Have to agree with MrDan. As soon as i see your names next to a new report, i know its gunna be something special. Great locations and great photos as per. Keep doing what your're doing


----------



## mrtoby

perjury saint said:


> *Good Lord Sir!! I seem to have shat the bed!!! *



Me too, twice. 

Nice pics-I like the look of this.


----------



## woodland pixie

Bloody hell!!! This place is incredible and fab write up as always, you do make I chuckle  awesome pics I love the stairs but I think they're ALL my favourites


----------



## DJhooker

damn that is one pimp palace! nice!


----------



## Stealthstar79

Another superb report, I love the 2nd pic!
Fantastic location, thanks...


----------



## lincsmatt

Absolutely FANTASTIC! The best I've seen on this site.


----------



## oldscrote

Glory be what a place wonderfully photographed,thanks


----------



## smiler

Just Bloody Marvellous, Many Thanks.


----------



## LittleOz

My mind is now thoroughly bent!
What everyone else said, only more so with extra absinthe. 
I've no idea how you keep magicking these visions in awesomeness out of your hat but keep taking them drugs.


----------



## kriegaffe9

Wonderous is even more ways than is imaginable


----------



## Mearing

I really enjoyed that, content & quality brilliant.
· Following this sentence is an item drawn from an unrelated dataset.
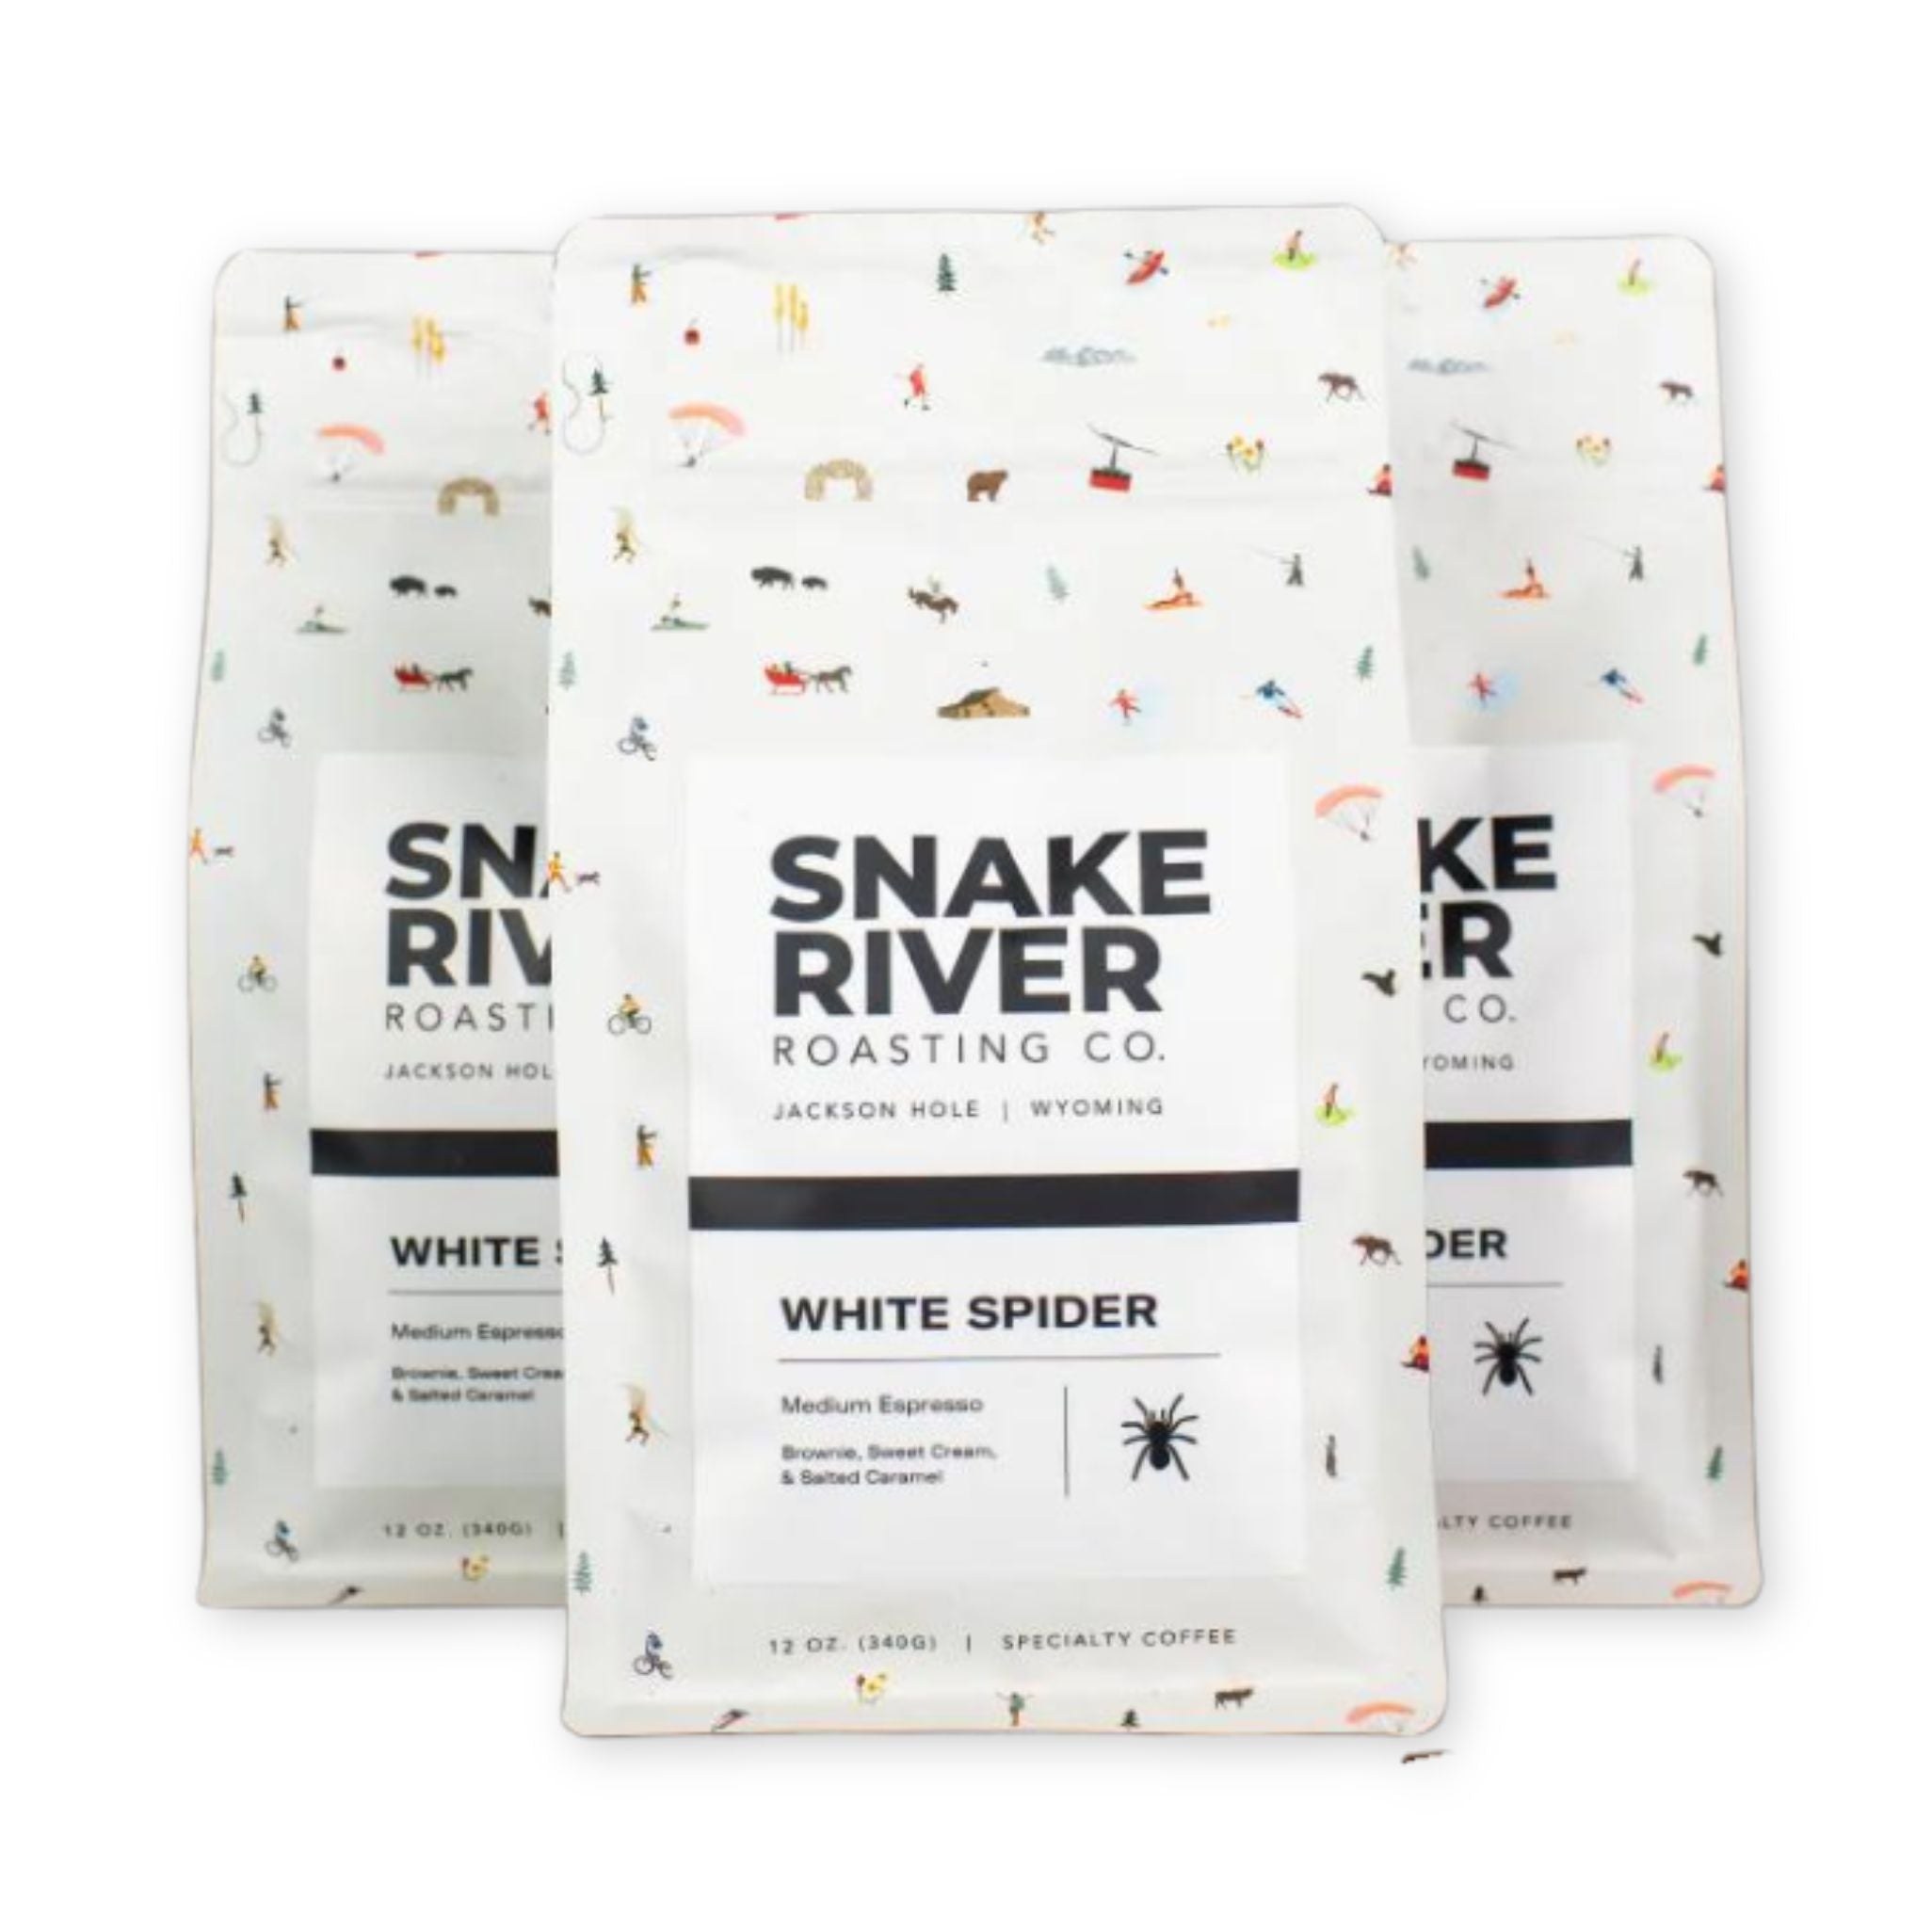 Collection of Snake River Roasting Bags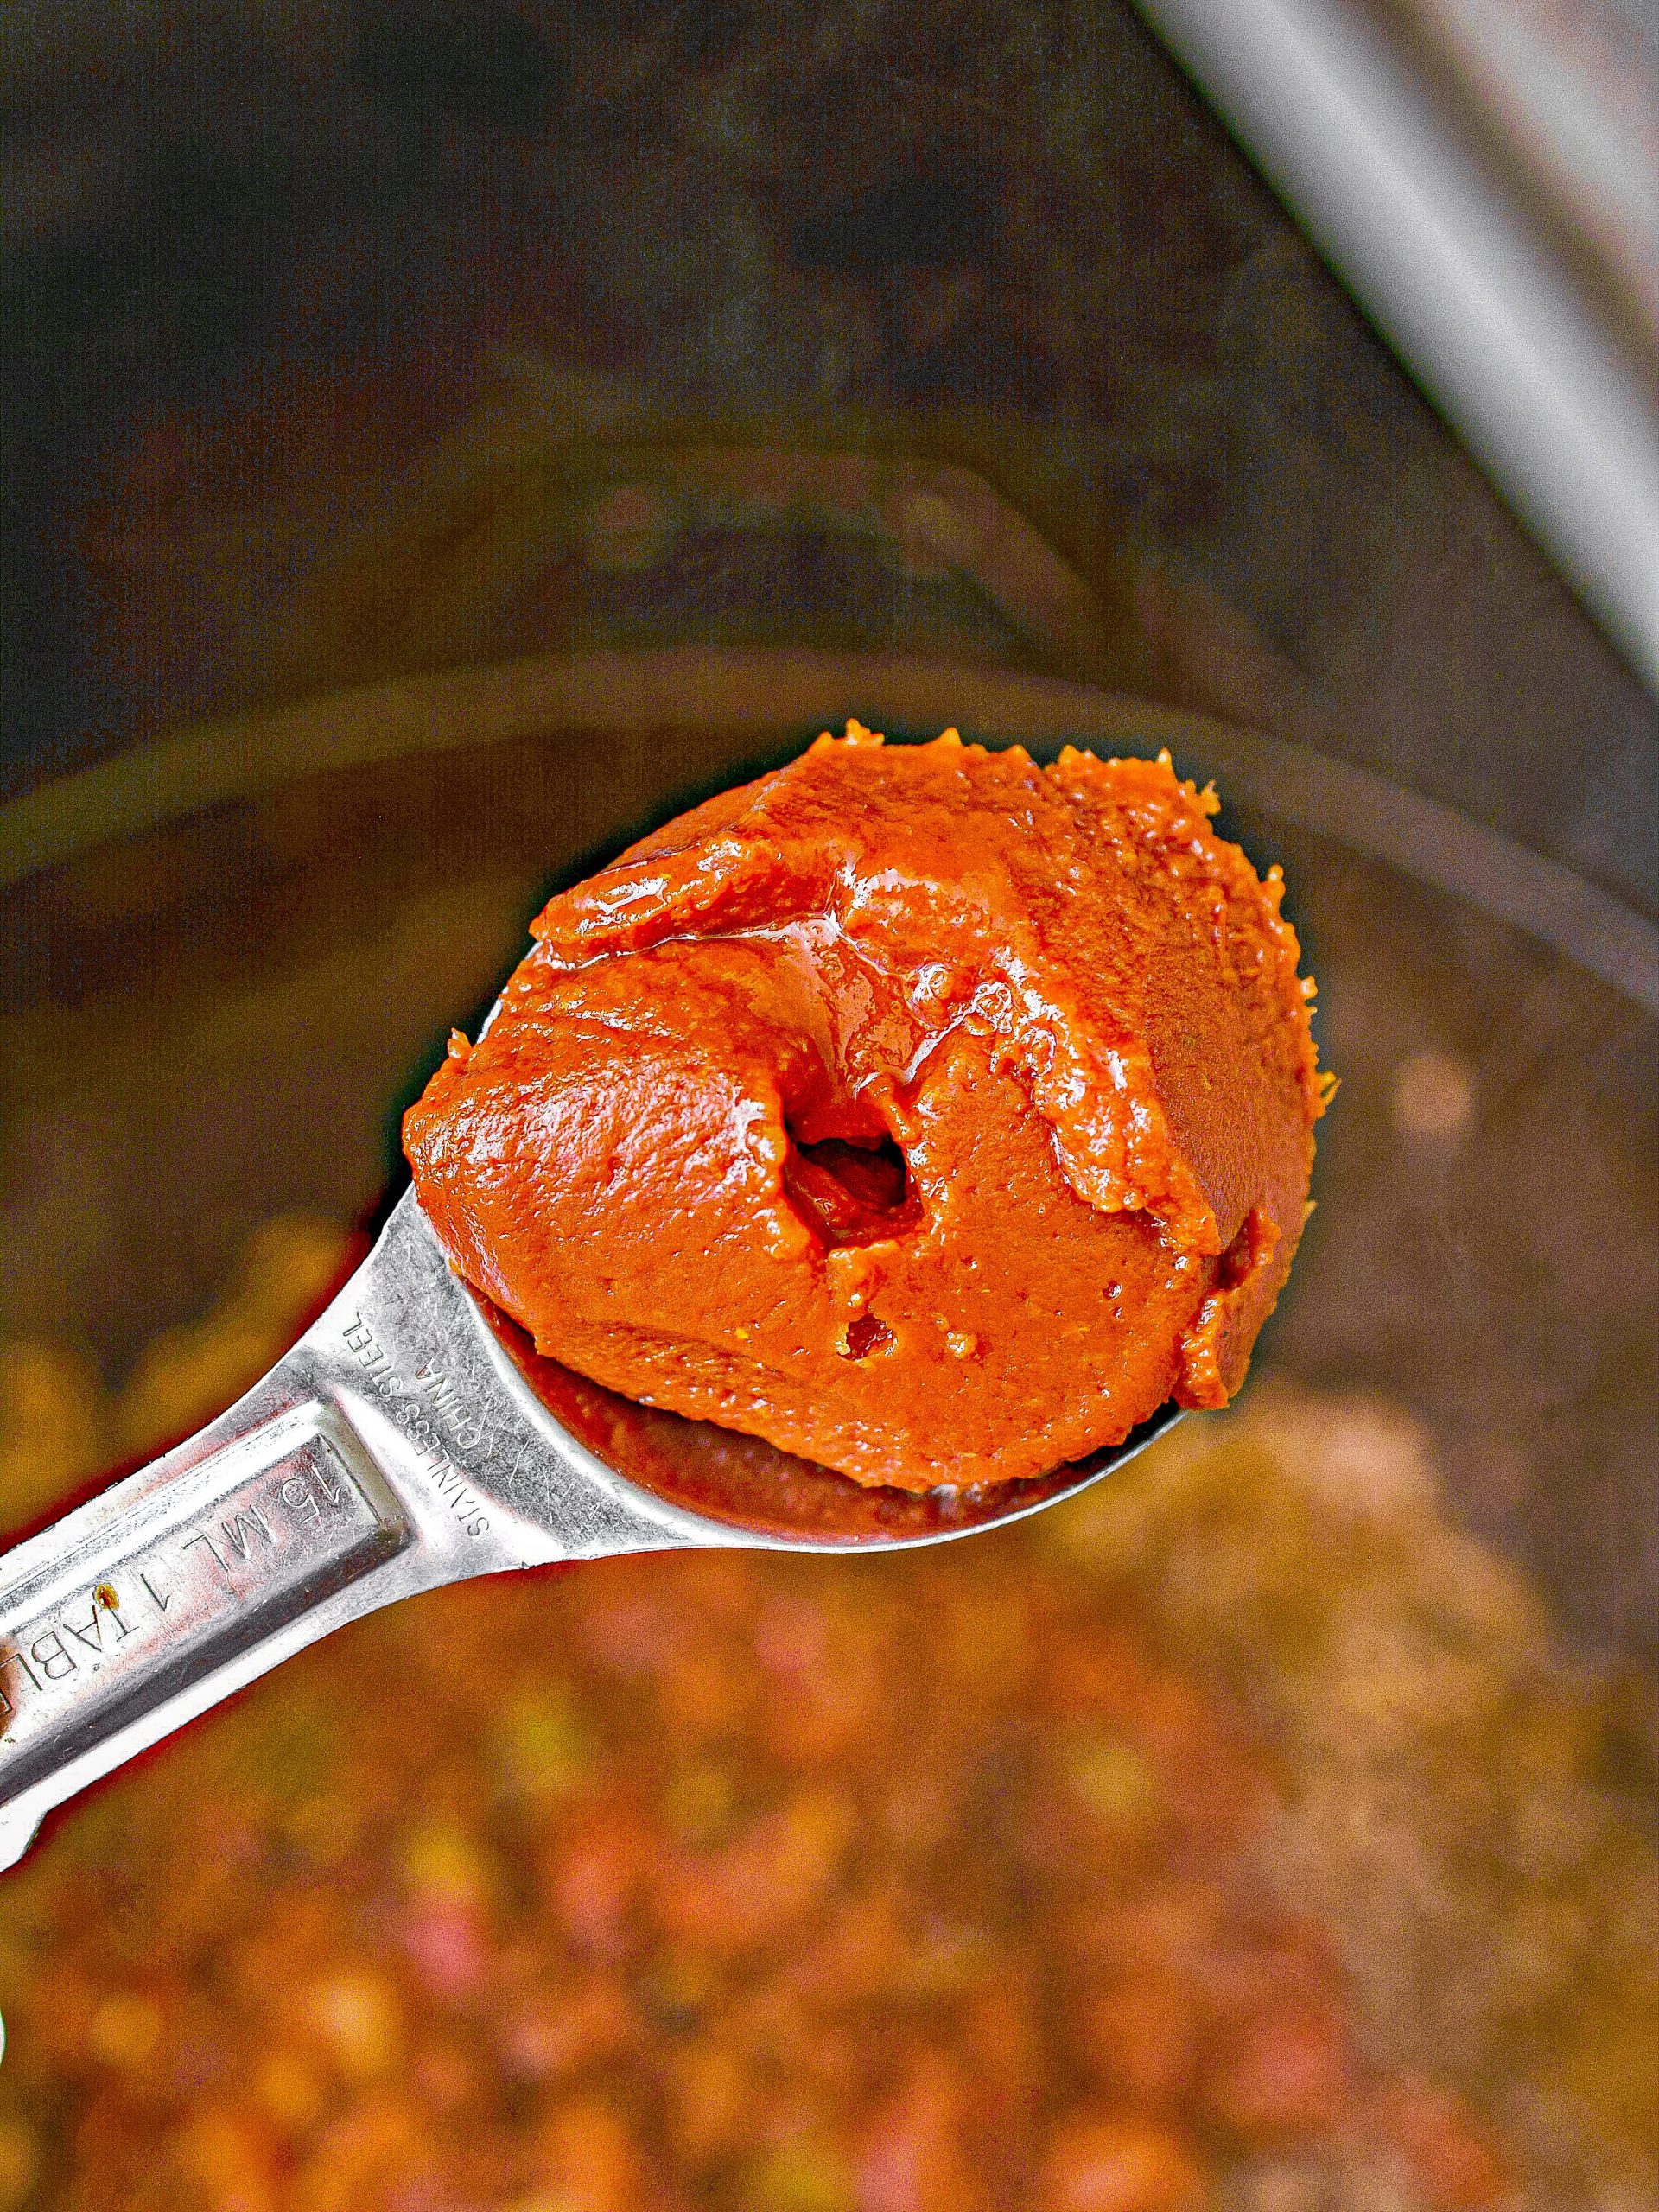 add 2 tbsp tomato paste into the skillet with the meat and stir to combine well.

Thank you.


----------



## Landie_Man

Oh. My. God. This is amazing! Amazing site and photos! Feel free to PM me about exploring!!


----------



## AgentTintin

Absolutely amazing! This has got to be one of the best (UK) reports I've seen on DP


----------



## sonyes

Stunning!!! Great pics and report as always. I would say, "now top that"....but you probably will


----------



## pally

Absolutely amazing photos and location. So glad I came across this site, thank you


----------



## Kezz44

Lovely! Amazing place great pics.Thanks for sharing.


----------



## Mardy Bum

Flipping heck! Absolutely amazing stuff.


----------



## Badger

I keep coming back to this & every time I'm stunned, silenced & inspired all at once. As ever it's great. How the hell do you find these places? However you do it, thank you.


----------



## TeeJF

Ber-luddy-hell! That is awesome my man! Well done!!!


----------



## Lucky Pants

Well that is all rather nice Mr Lander, big wavy thumbs up from me, haha nice one mate catch up soon


----------



## agnos

Fantastic report. Great pics. Had to go over them a second time. Just incredible.


----------



## Romford Reject

Phwoar! Just.....phwoar! Many thanks for another superb report. We are not worthy *does Wayne's World thang*


----------



## Cachewoo

Cor blimey !


----------



## petershaw

*katies house*

great pics this place needs to be saved and yes to no external shots


----------



## DirtyJigsaw

I keep looking at these pictures. Truely stunning


----------



## Dani1978

These pics should be in the National geographic! Truly gorgeous beyond belief. Keep 'em coming!


----------



## georgie

Good to finally see inside here


----------



## Onmyown

Absolutely awesome!thanks for sharing


----------



## Oobermann

Lost for words and very very jealous!


----------



## muppix

Well done mate, that was inspired!!

Always good to see somebody using vintage communist lenses - what made you go for that one?!


----------



## Mars Lander

Cheers!, I love the quirkiness of the old lenses , plus as I say, taking images of old things with an old lens seems go together


----------



## xNatje

Wow, just wow!


----------



## wrx0211

just having a we nosey about peoples threads and words cannot describe.outstanding just doesn't cut it....what a find....must have been some feeling to enter and discover this place......love it...


----------



## holywood

*Katies House*

Katies House is my favorite. The photography our great. The rooms are fabulous. So much history.


Well done guys


----------



## Slippy Shogun

Just asking if there is any known history of this place. I'm not asking for hints as to location just interested in the pictures on the wall. Truly epic post, the bloke by the fireplace took my breath away. 1st class job.


----------